▶ **WORK INSTRUCTION**:
Starting at the line that contains "Crayons en bois", copy every line to the end of the material below exactly, and omit the pictures.

▶ **DATASET EXTRACT**:
┄┄┄┄┄┄┄┄┄┄┄┄┄┄┄┄┄┄┄┄
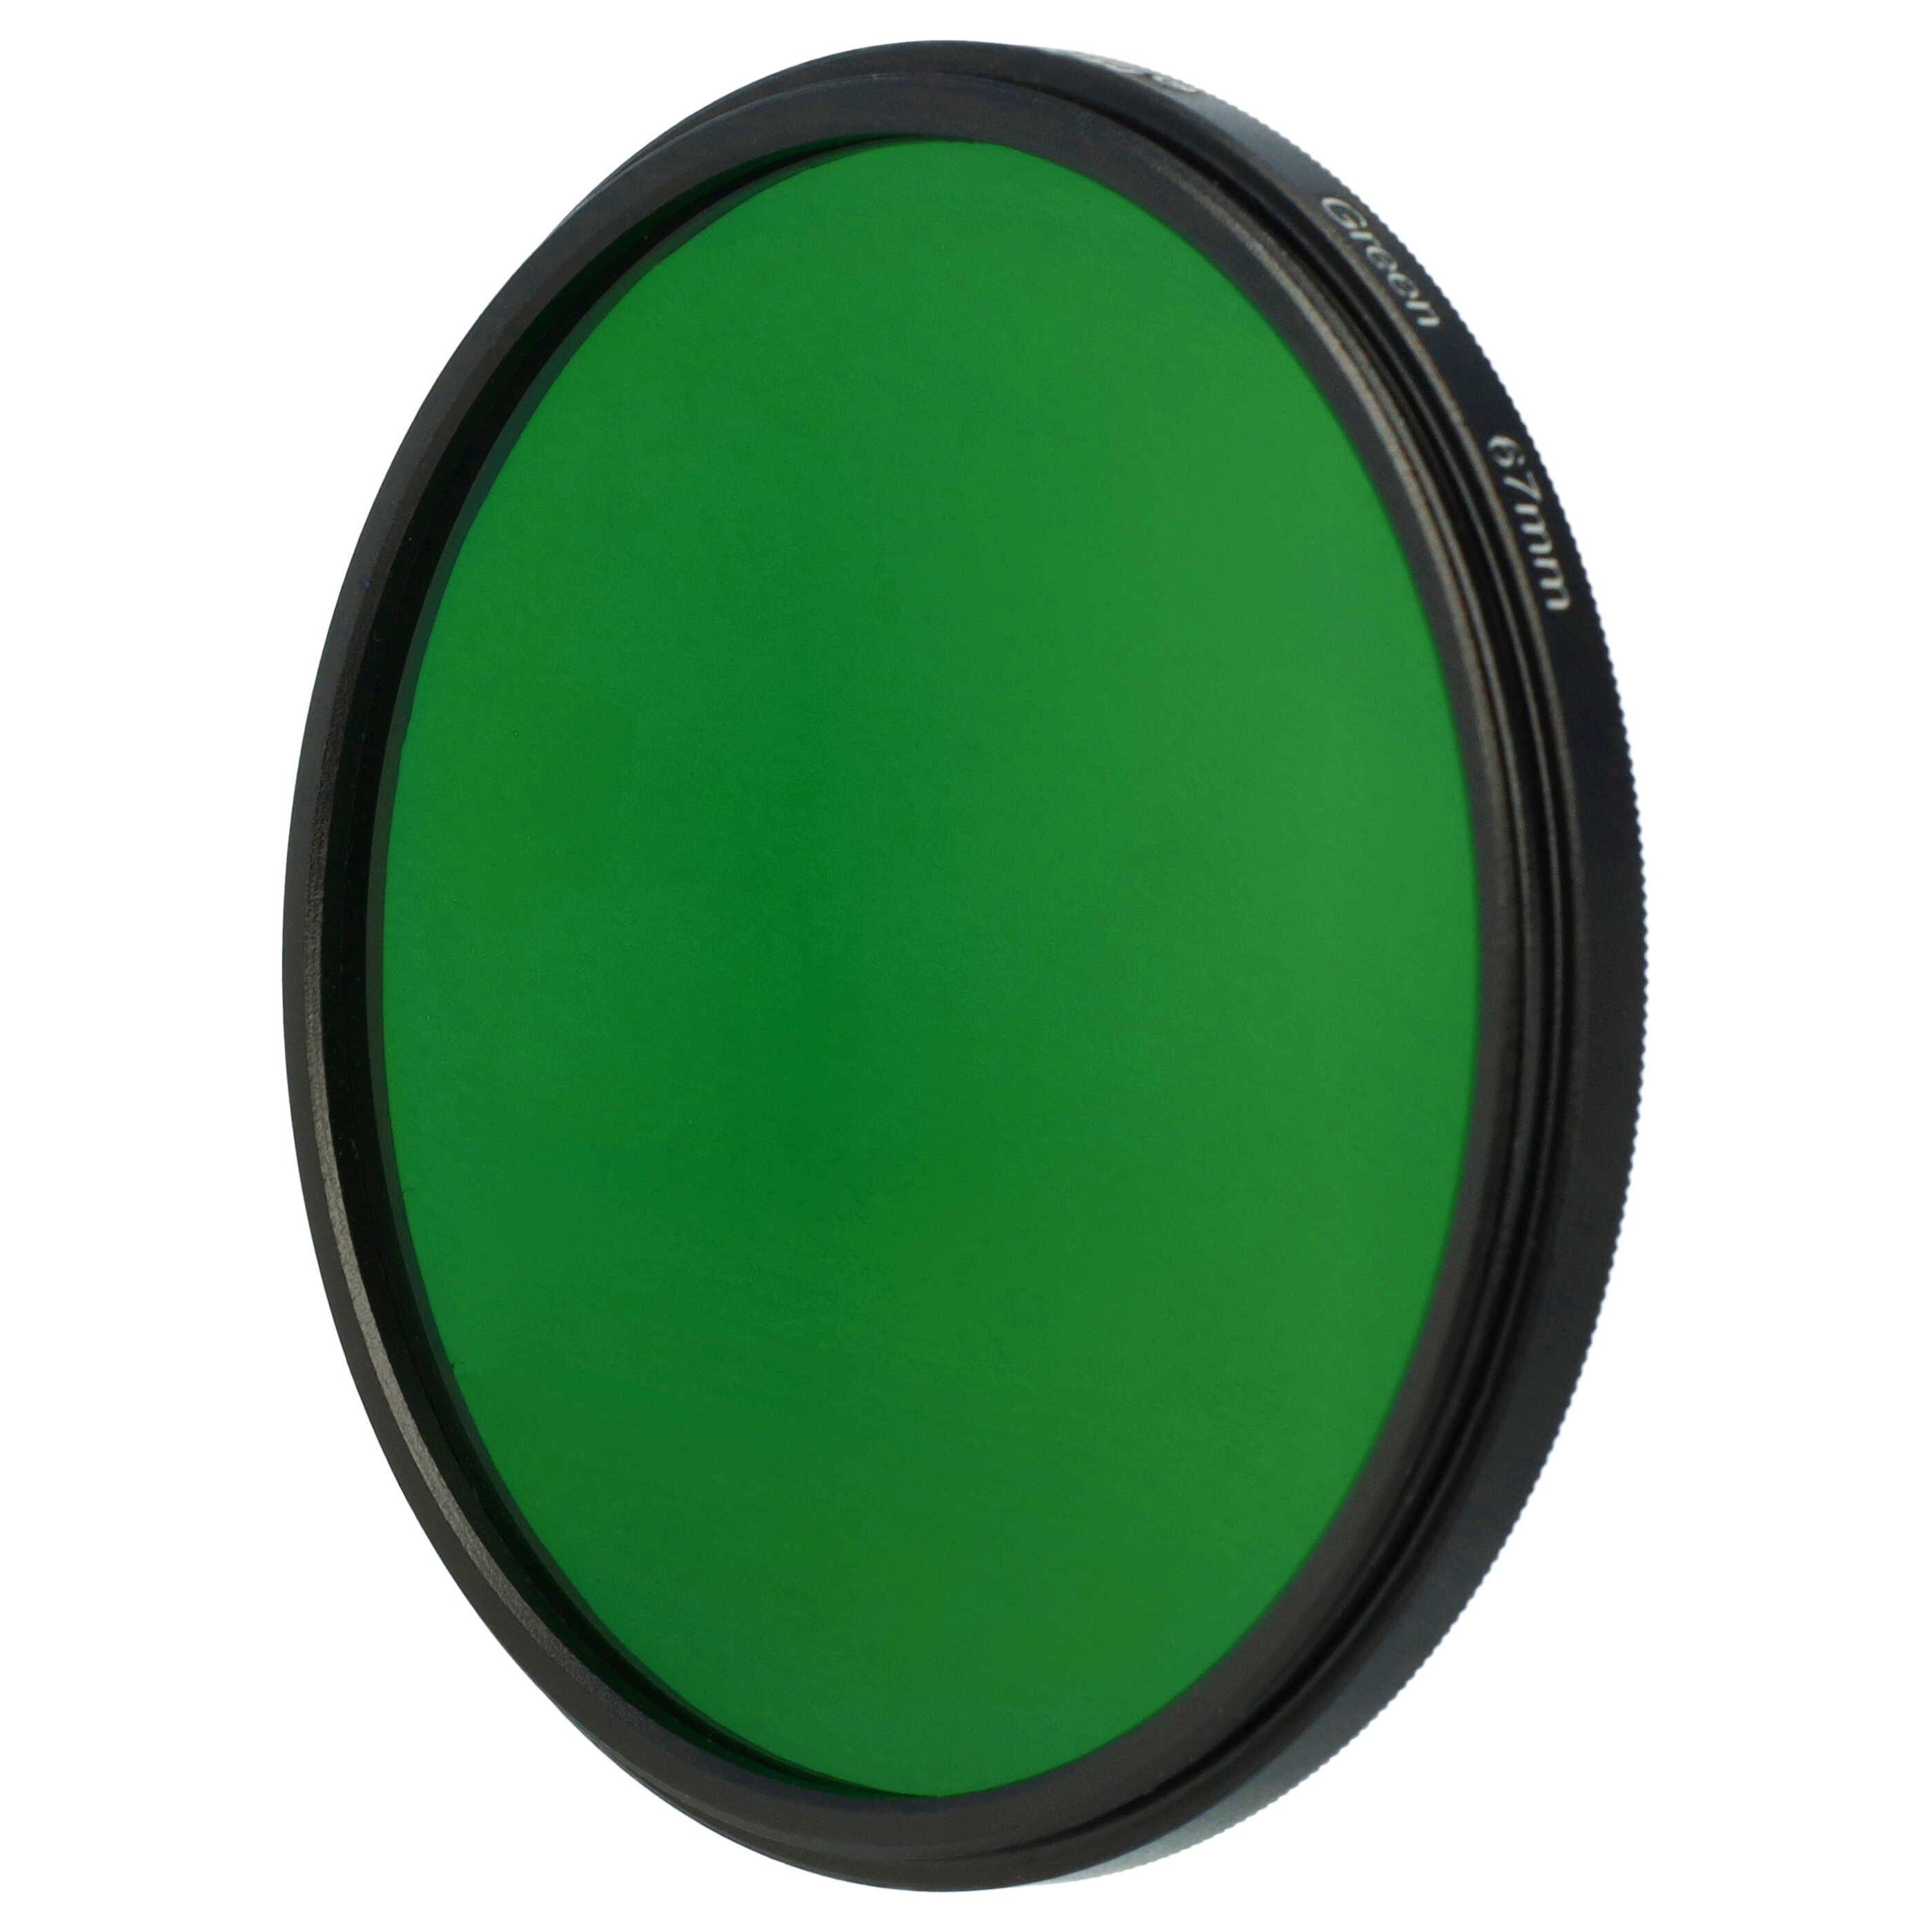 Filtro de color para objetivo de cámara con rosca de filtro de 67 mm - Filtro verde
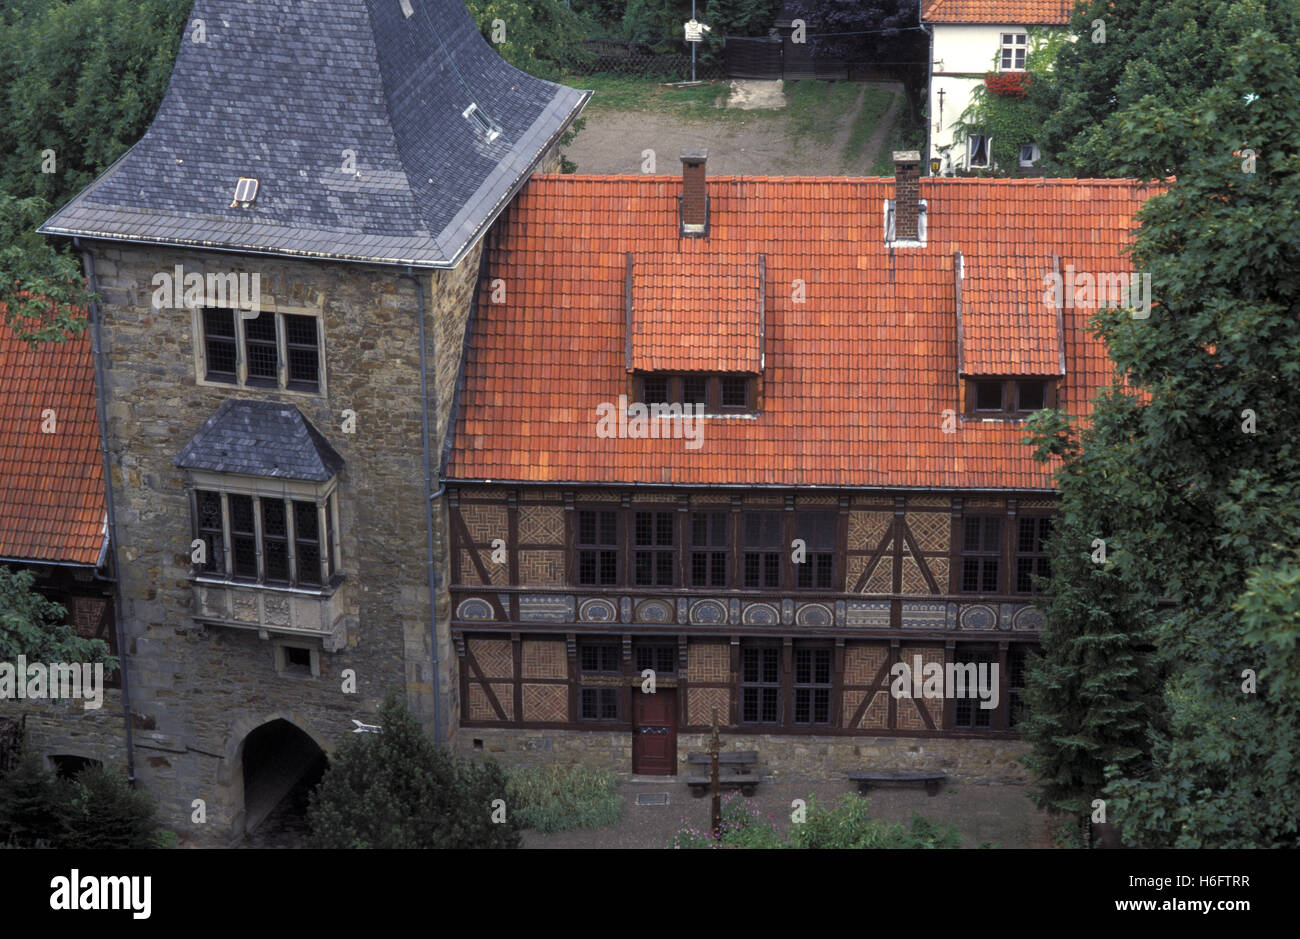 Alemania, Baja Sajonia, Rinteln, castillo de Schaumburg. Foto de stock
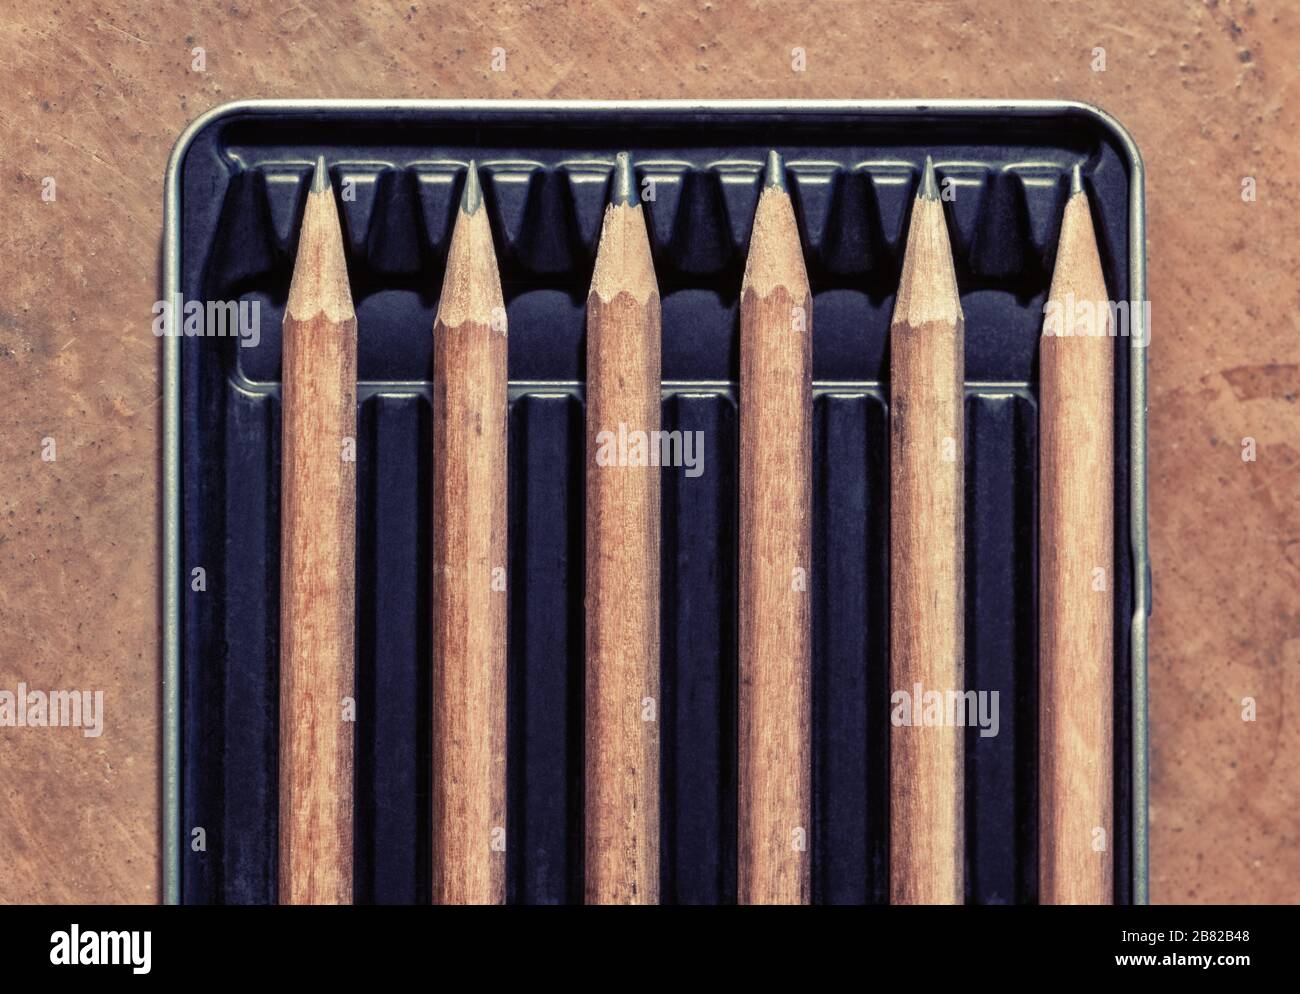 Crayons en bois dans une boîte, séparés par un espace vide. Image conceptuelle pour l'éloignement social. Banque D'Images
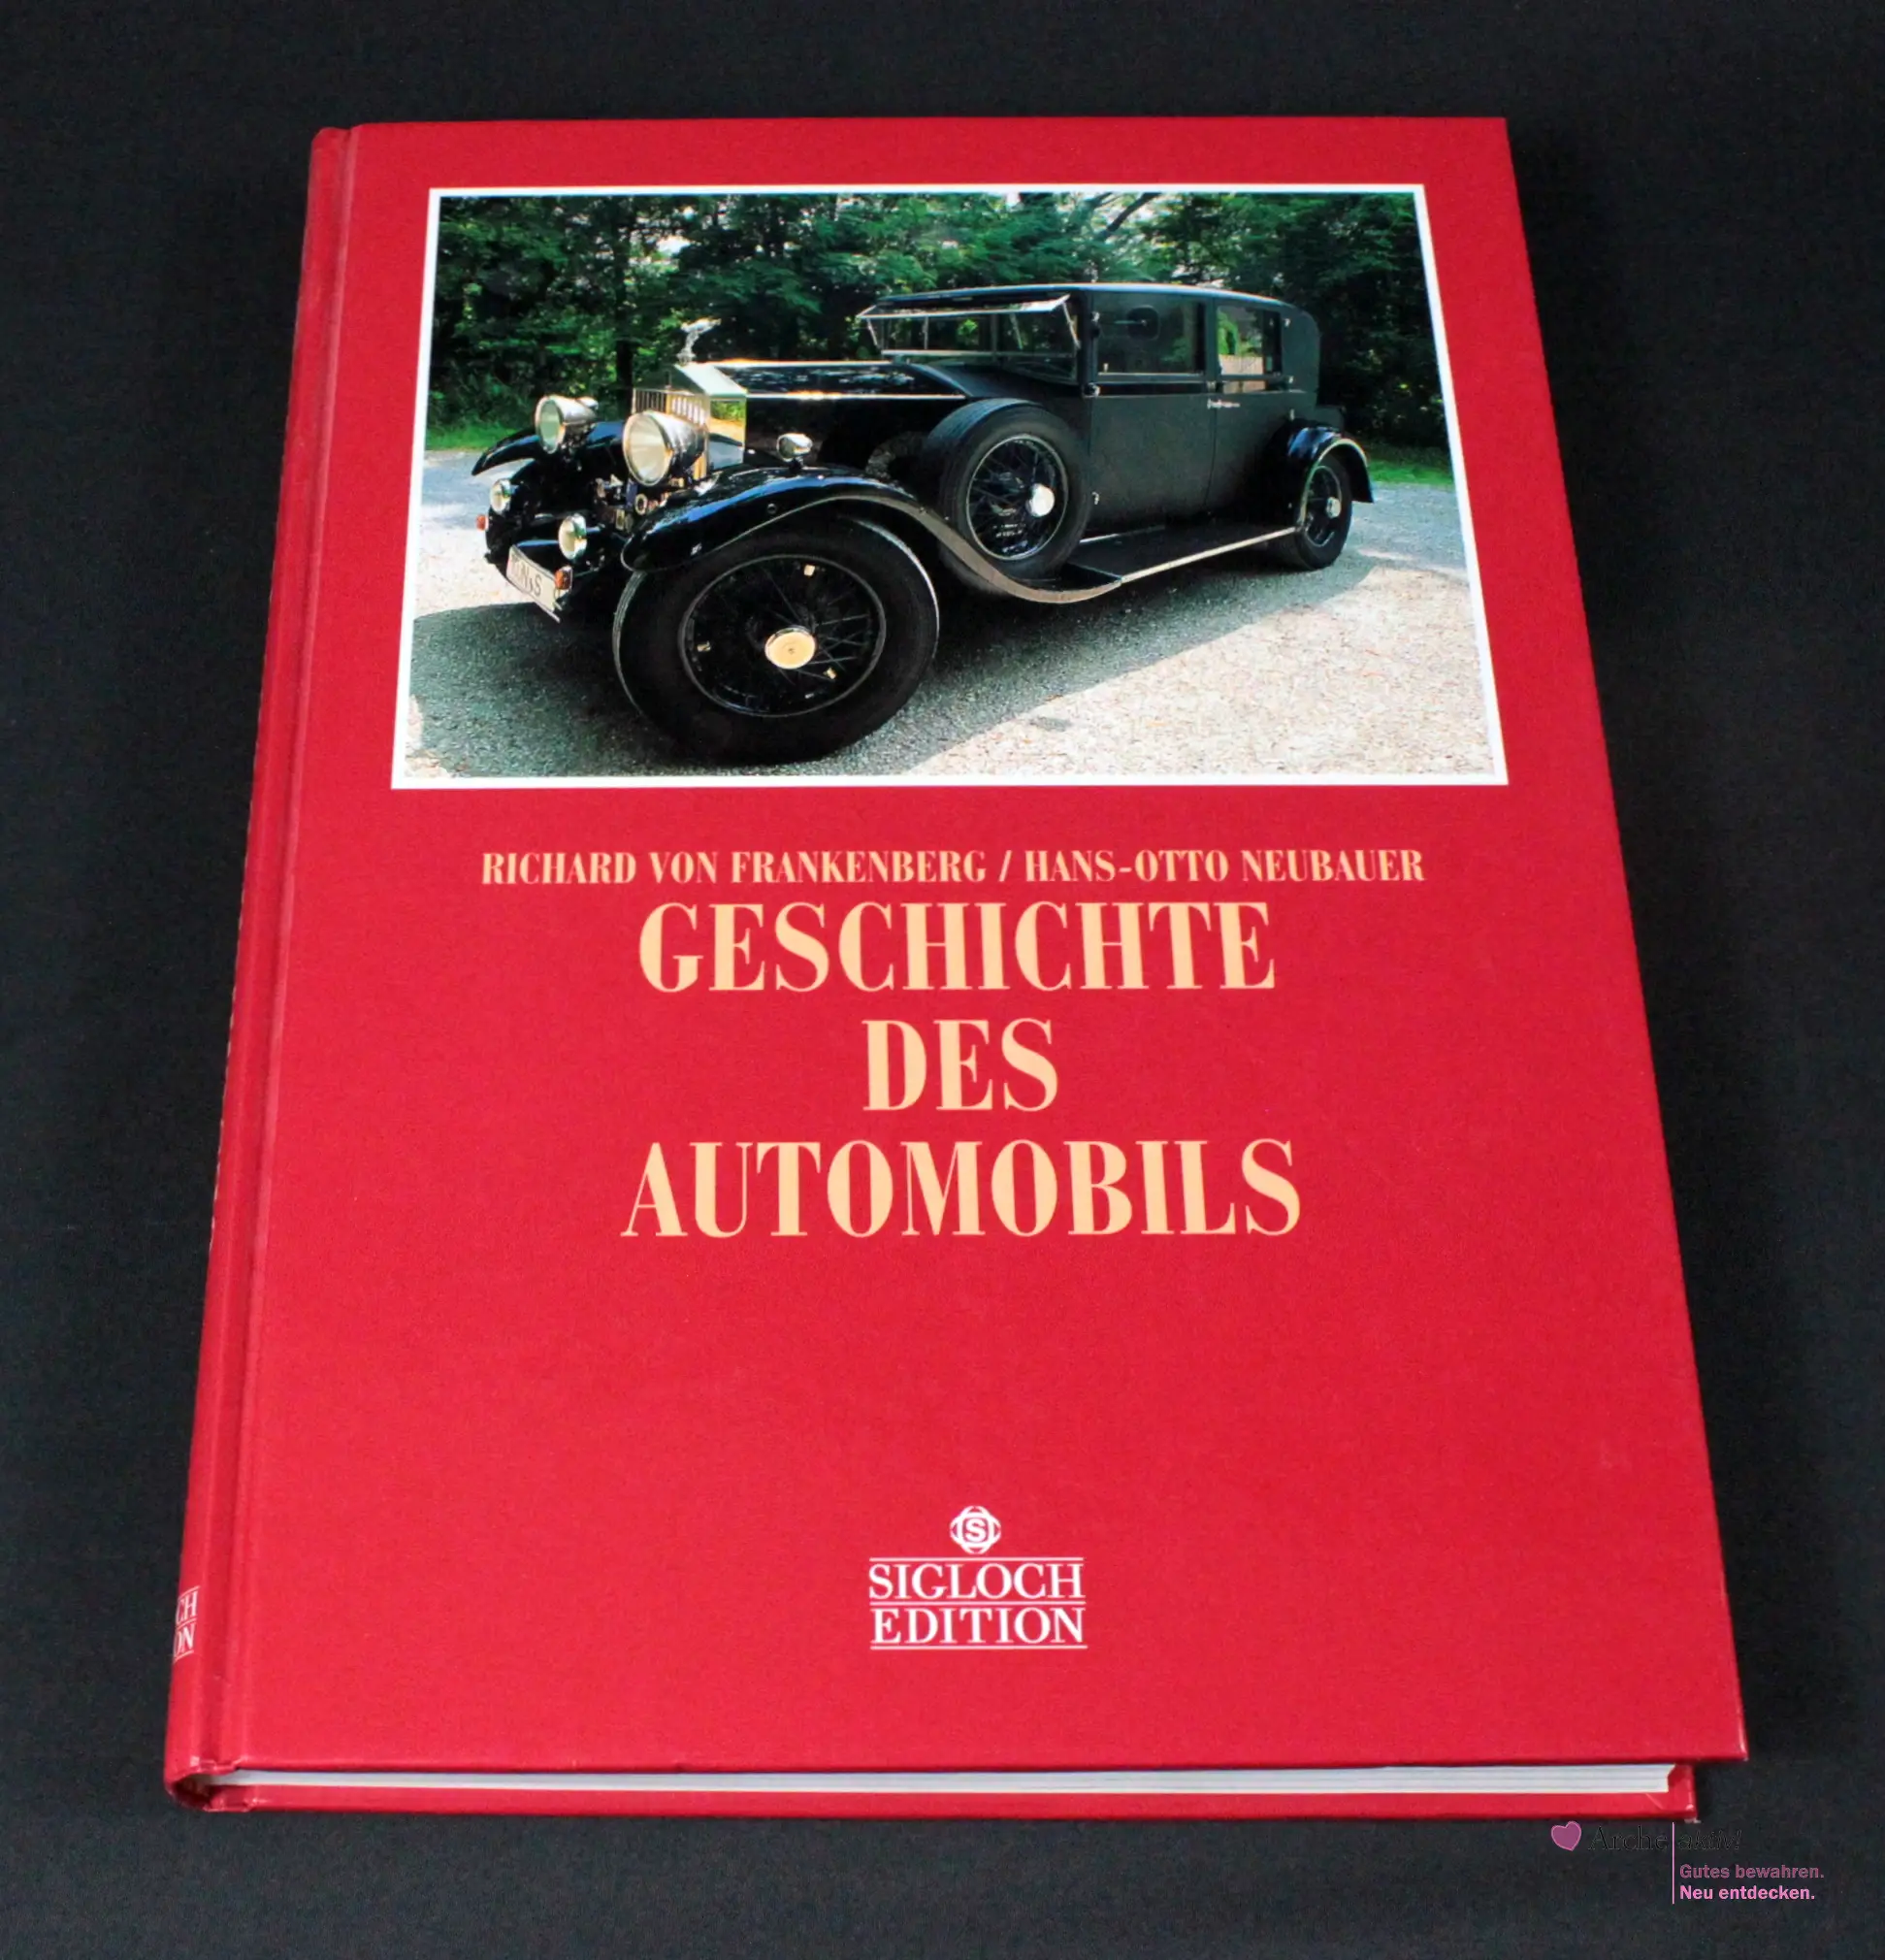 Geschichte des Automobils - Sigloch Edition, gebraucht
┄┄┄┄┄┄┄┄┄┄┄┄┄┄┄┄┄┄┄┄
▶ **TASK OUTPUT**:
 Crayons en bois dans une boîte, séparés par un espace vide. Image conceptuelle pour l'éloignement social. Banque D'Images
 Geschichte des Automobils - Sigloch Edition, gebraucht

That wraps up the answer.